Veterans Day is a very hard day for me, as is Memorial Day, or any day when I’m reflecting on service with sacrifice. I’m not thinking about myself but I am thinking about my men and I’m thinking about some of the men who are not with us anymore. That’s always very hard for me, and very somber.
Veterans Day 2011 is a decade after the beginning of what we know now as the War on Terror. There’s one person who stands out to me, and I think you’ll be writing about in the near future – Michael Spann. In the days after 9/11 I remember watching the TV and breathlessly waiting for news about what we were going to do with this Taliban deal in Afghanistan, and I recall seeing this face of a clean-cut young gentleman who had been a former Marine officer who later was a CIA Special Operations officer, and I was thinking, here was the first American killed in the War on Terror in the search for bin Laden.
Marine Lieutenant Ilario Pantano with Staff Sergeant Jason Glew, his senior
NCO in Al Anbar
Marine Lieutenant Ilario Pantano with Staff Sergeant Jason Glew, his senior
NCO in Al Anbar
I remember how that affected me, and how it pulled a trigger for me, like I needed to do more. And I was already committed to going back into the Marines and getting back into the fight. Do you know that today people talk about the one percent and the ninety-nine percent? I’m part of the .045 percent –- less than half a percent is the percent of our population that served in some capacity in the War on Terror over the last ten years. That is quite a burden. I think that maybe there was one member of Congress who actually had a son who was in the War on Terror.
I feel that increasingly we have moved away from a society that understands and fully shares the sacrifice. We are quick to give a lot of lip service to the guys and gals in uniform, buy them a free lunch and all of these things. But the bad news is that we are a little bit disconnected from the real cost and the real sacrifices. That’s going to have consequences for us during the next ten, twenty or thirty years.
My concern is what it’s going to be within our electoral leadership, and in our communities. There are so many things that you know, Verne – consider the wonderful friendship that you shared with me through a dear friend of yours, a pillar of the community, high achiever and a man of strong faith, Mr. Ray McCauley of Wilmington, and by the way he had been a veteran in a foreign war. He chose to take his experiences and make the best of them and make them a force for good in his community, and this is played out in many towns and cities across America.
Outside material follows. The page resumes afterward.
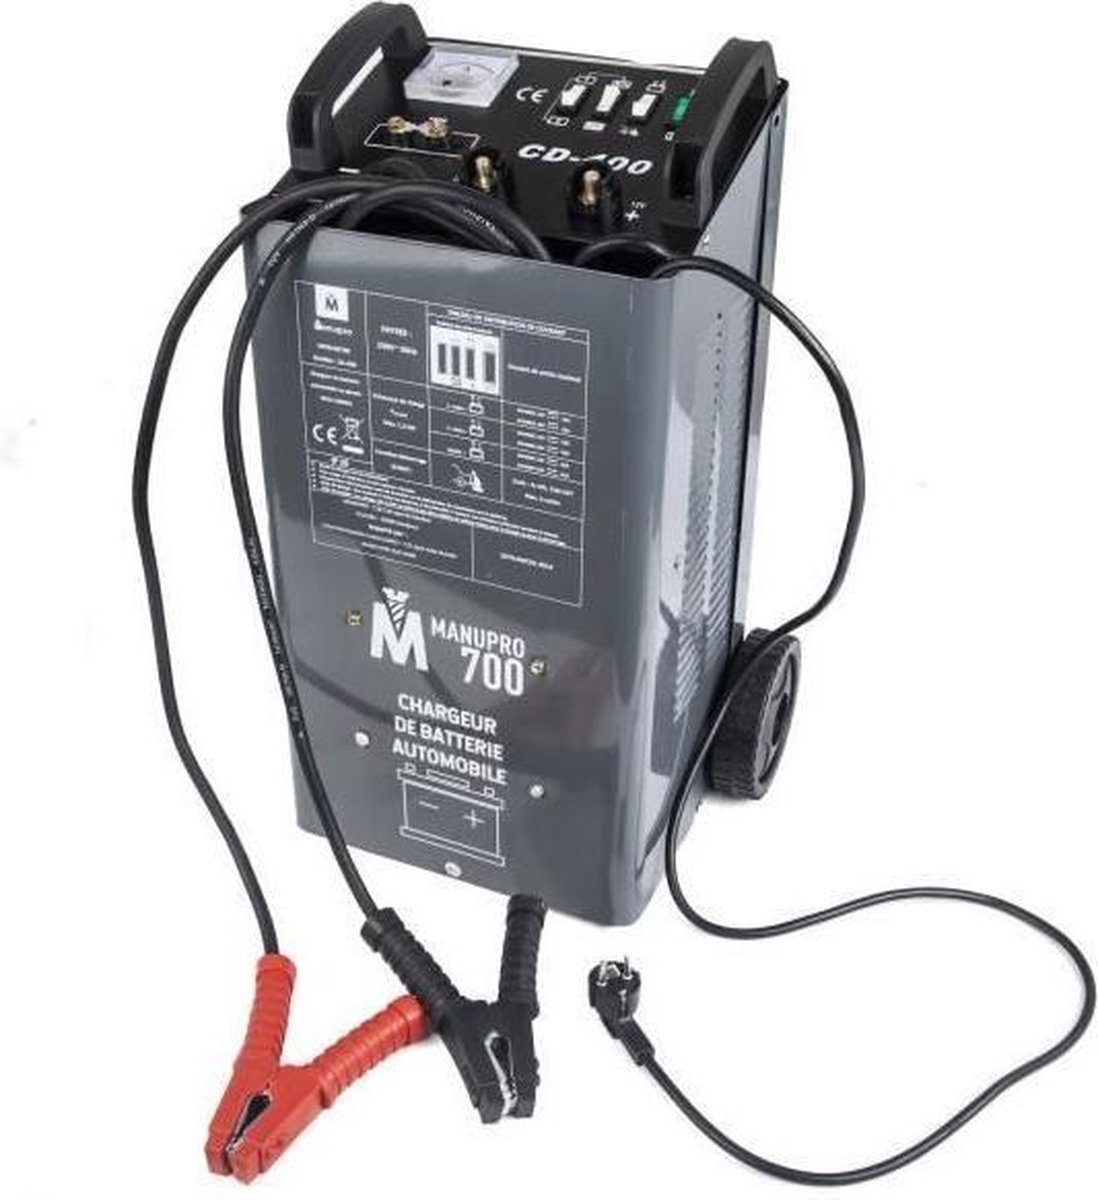 Chargeur de batterie d'appoint à démarrage automatique - MANUPRO 700 - 40A  1400W 12 / 24V
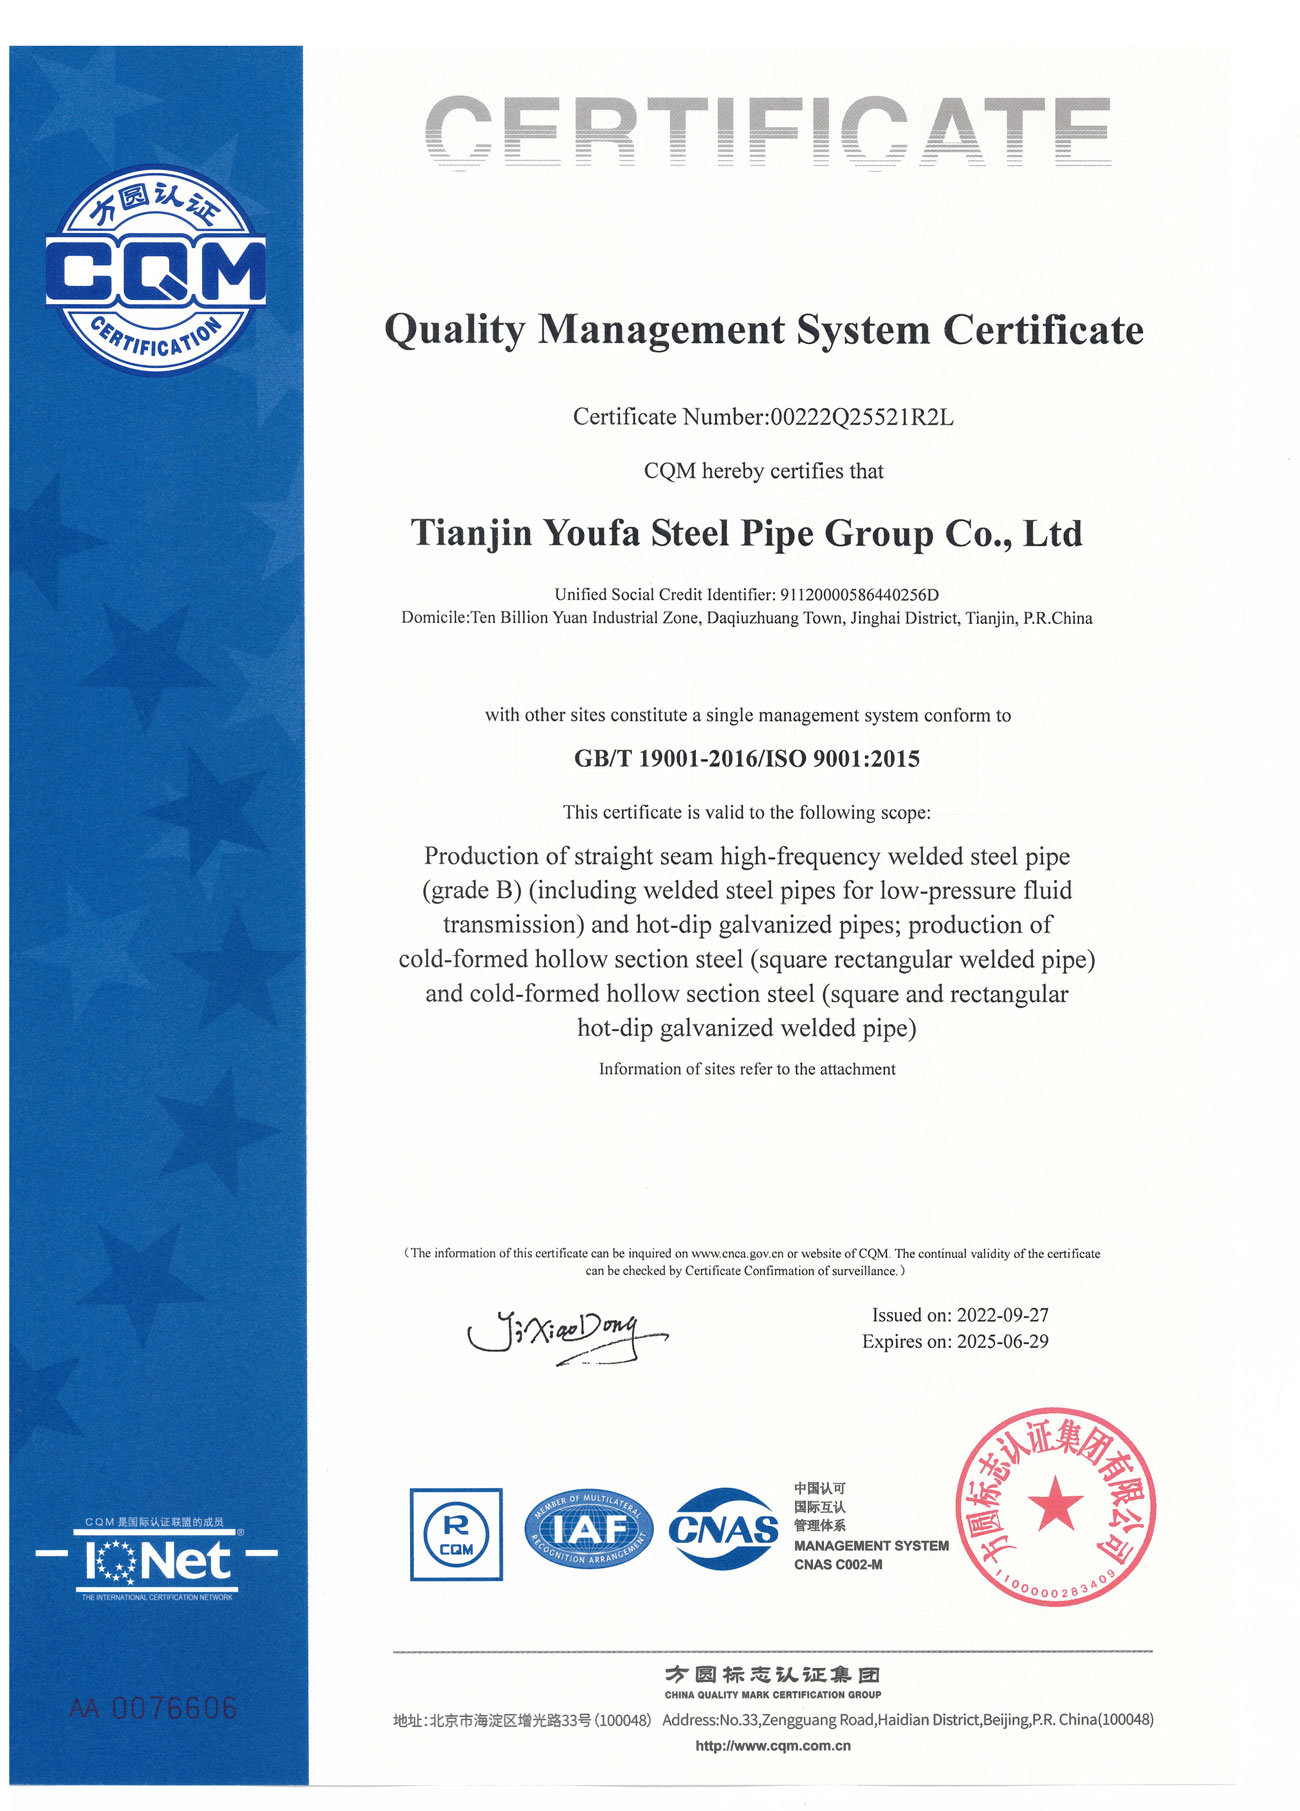 ISO9001-GBT190012.jpg

But, following up on the percentage of Americans involved in wars we have fought – in the Second World War it was eleven percent, in Viet Nam it was nine percent, then in more recent history, as I said, it was less than half a percent only in this fight in the War on Terror. So if we then raise a warrior class that is populated by such a small percentage of our citizens, it becomes much easier to marginalize things like the promise we made to veterans about their benefits, for example.
As citizens and taxpayers, we have some measure of obligation to try and help and assist when they need it and provide care when they’re down. But a veteran makes a promise to you and me and all Americans, and what that veteran says is he is willing to serve even to the extent of sacrifice of his life and these are the conditions under which he agrees to make the trade.
Often what he is getting is next to nothing, it’s low pay, it’s uniform allowance, and a couple of hot meals. But sometimes folks make a decision that they’re going to go and stay in and retire and miss a lot of Christmases and a lot of birthdays and a lot of Thanksgiving turkeys and a lot of time while they’re out somewhere protecting our country. We made a promise to them that we were going to provide them medical benefits, provide them with a basic subsistence for retirement. So that’s the trade-off – some needed benefits after service, and in that service they vowed to risk their lives time and time and time again
The truth is that risk may have happened thousands of times within the course of a single combat tour. Multiply that times many tours, and you know what we’re asking them to do? They’re asking them to hear us and believe us when we say we love you, we honor you for service, now go fight for us and maybe die, or like 30,000 of your brothers, come back traumatically wounded so that they have an impaired ability to work for the rest of your life, or like thousands of others who will experience some sort of terrible psychological trauma, and, oh – sorry, but we’re going to renegotiate the terms of that deal now. You’ve already gone to war, but we are going to renegotiate our solemn contract.
I’m not talking about pension for someone working in an auto factory that the taxpayer frankly has no business coming to bail out anyway. I’m talking about taking care of patriotic men and women who have been willing to die for you and for me, and we turn our backs on them and we marginalize their sacrifice and their efforts, and frankly it’s not acceptable to me, Verne. What we’re doing now is disgusting, and we should be embarrassed. We should be embarrassed. That’s candidly what I feel.